# Fluval 405 not enough for a 90 Gallon?



## airedale (May 7, 2007)

In another thread, I am being told a 405 is not enough filtration for a 90 gallon tank. At the LFS, they told me it would be enough... yeah...

So, I am coming to you to see what you have to say. I want to say right away that I do not want to do anything with an HOB filter. I like how close my stand is to the wall, and how much more quite a canister filter is.
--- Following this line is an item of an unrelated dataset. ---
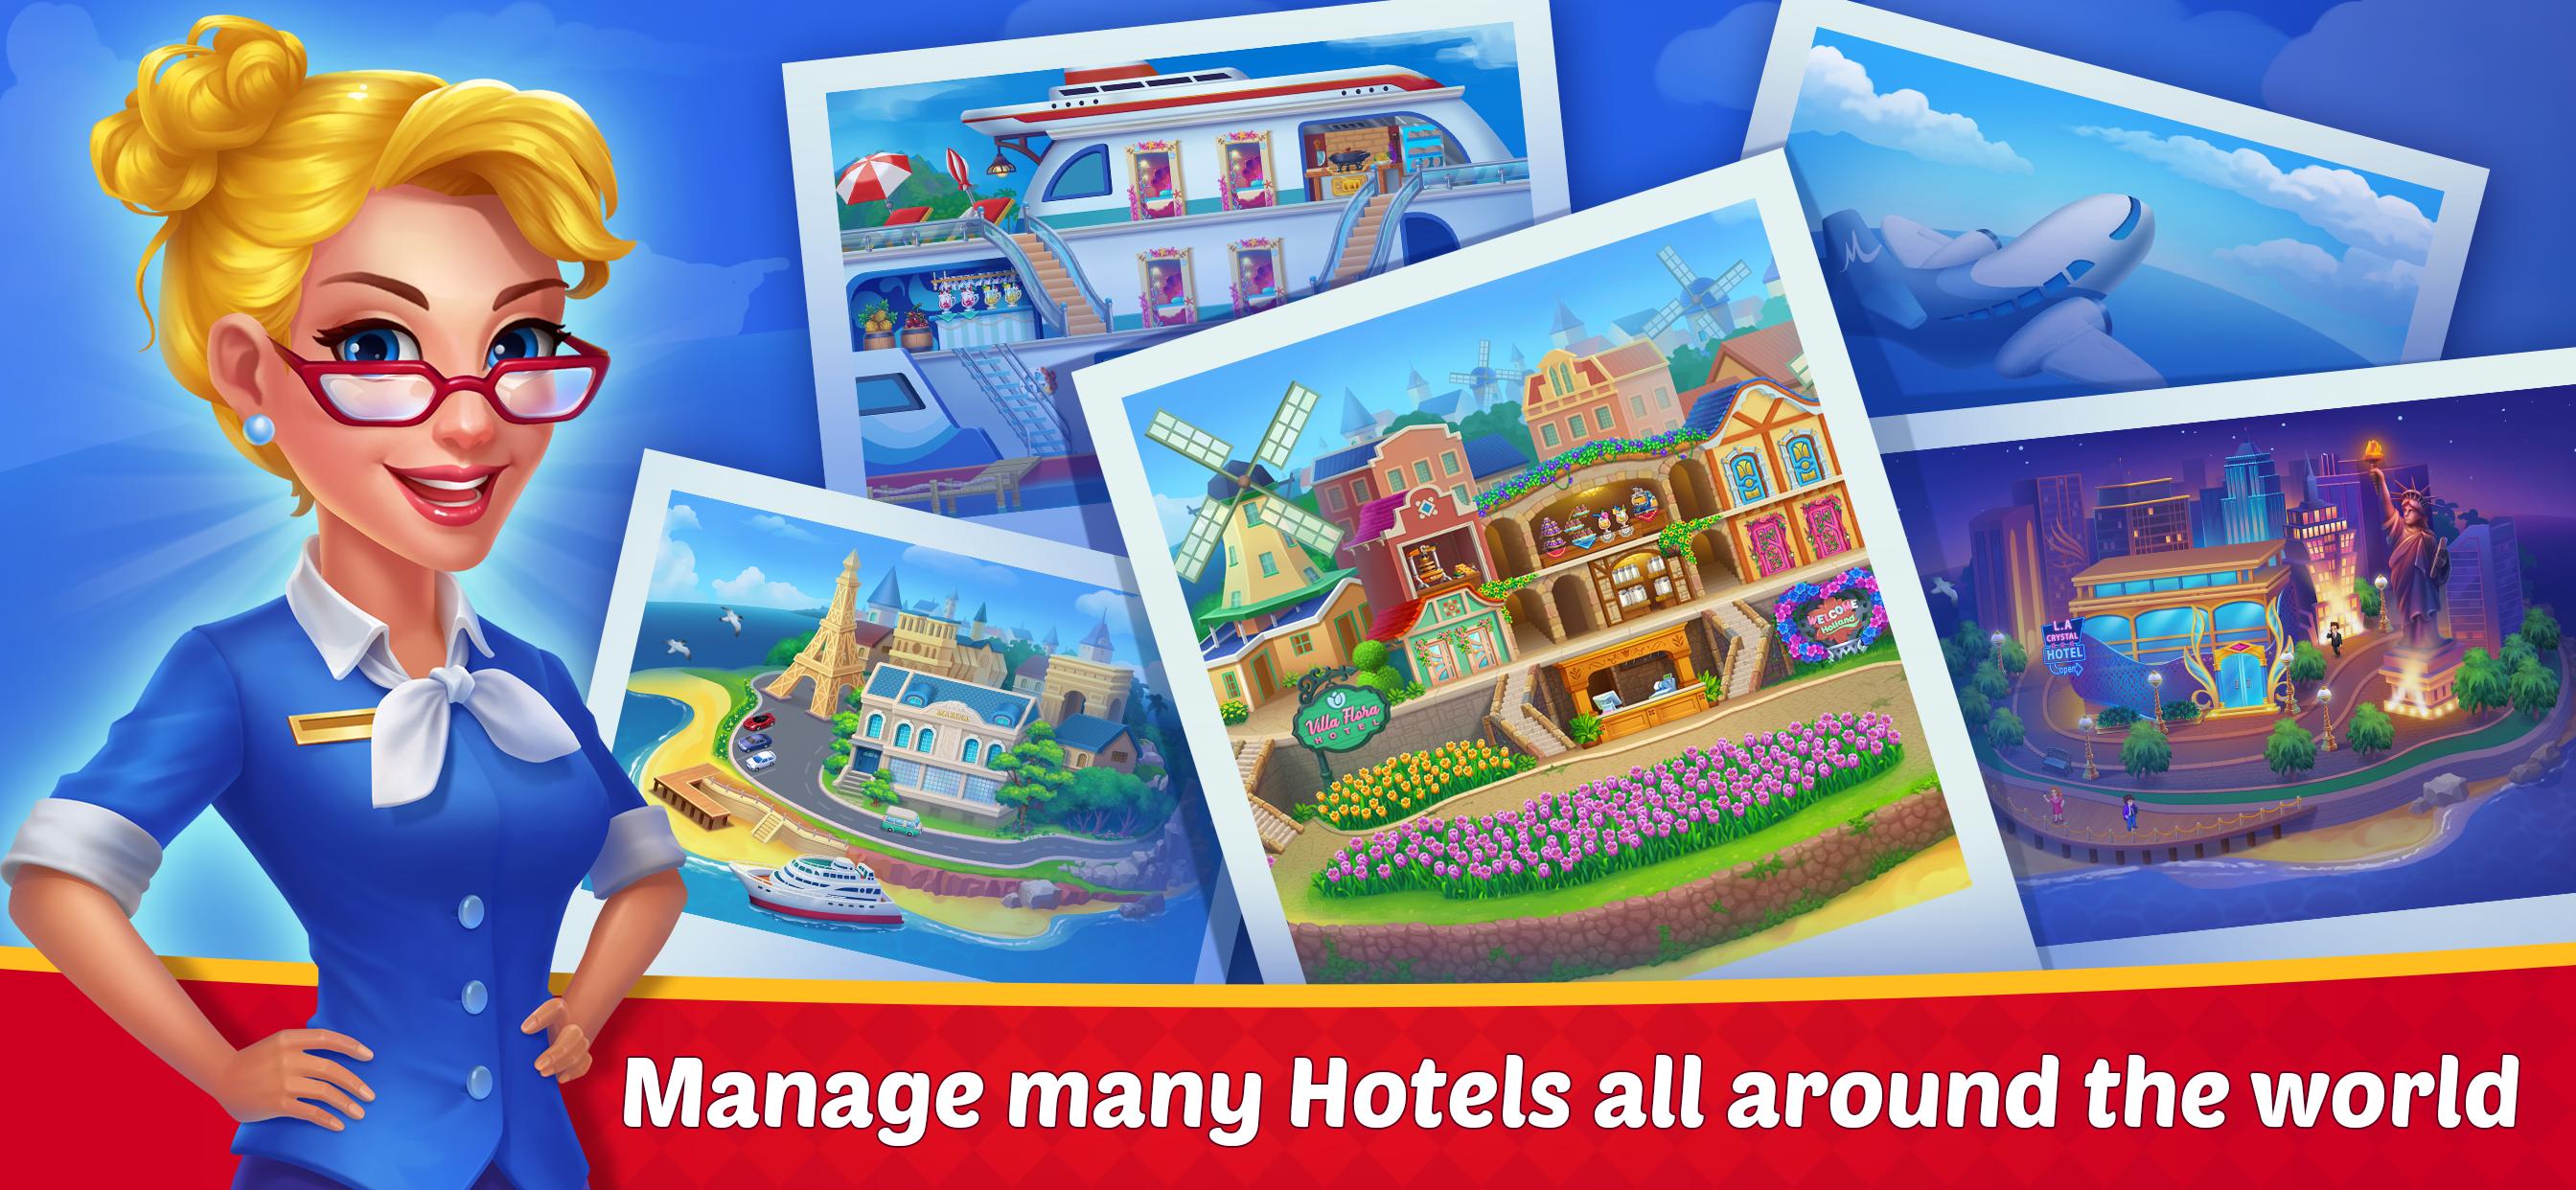 Dream Hotel Hotel Manager Simulation games 1.2.4 Screenshot 9

Is the 405 enough, and if not, what are some of my options? I am heading into week 2 of my cycle of the tank.


----------



## MalawiLover (Sep 12, 2006)

While the manufacturer states it is for use up to a 100g tank, the pump only pushed 225gph (that measurement is done without media so it will be less with the media). That gives you less than 2.5 times tank turn over per hour. Now this wiould be ok, if you plan on a very light stocking list.

Ideally you would like to get over 5x turnover per hour for average stocking.

I have 2 Rena Filstar XP3 (700gph combined - I figure I have about 600 actual gph turn over)canisters on my 95g mbuna tank but it is a bit over stocked to help with the aggression.

My 125g all male peacock/hap tank has less fish than the 95 and I use a single XP4 (450gph)

I have been very happy with my XPs. All of my tanks use them (various sizes of course) and I love how easy they are to deal with maintenance wise and they are virtually silent.


----------



## Icey101 (Nov 5, 2007)

Alot of it depends on your stocking...how stocked/over stocked do you plan on going?

I understand what you mean about how much quiter the canisters are vs HOB. My plan is to run something around a Fluval 405 or Marineland C-360 on my 46gal tank.

My current setup is 125gal with two C-360 and two Emp 400. I think this is bit more than I need but I do not think I would run less than two C-360 in this setup.


----------



## airedale (May 7, 2007)

I am not completly sure on how stocked I am going to go with this tank. Right now I am going to start off pretty slowly and only have around 10 2" fish in there and add on slowly from there. I know they will grow, so I am not exactly sure how stocked I am going to get.

I guess a better question is, how will I know if my filtration isn't enough?


----------



## MalawiLover (Sep 12, 2006)

You will get amonia spikes and fish will start having problems breathing if the waste produced gets to be more than the filter can turn over in time.


----------



## airedale (May 7, 2007)

OK, so I guess watching, waiting and then reacting is what I need to consider at this point.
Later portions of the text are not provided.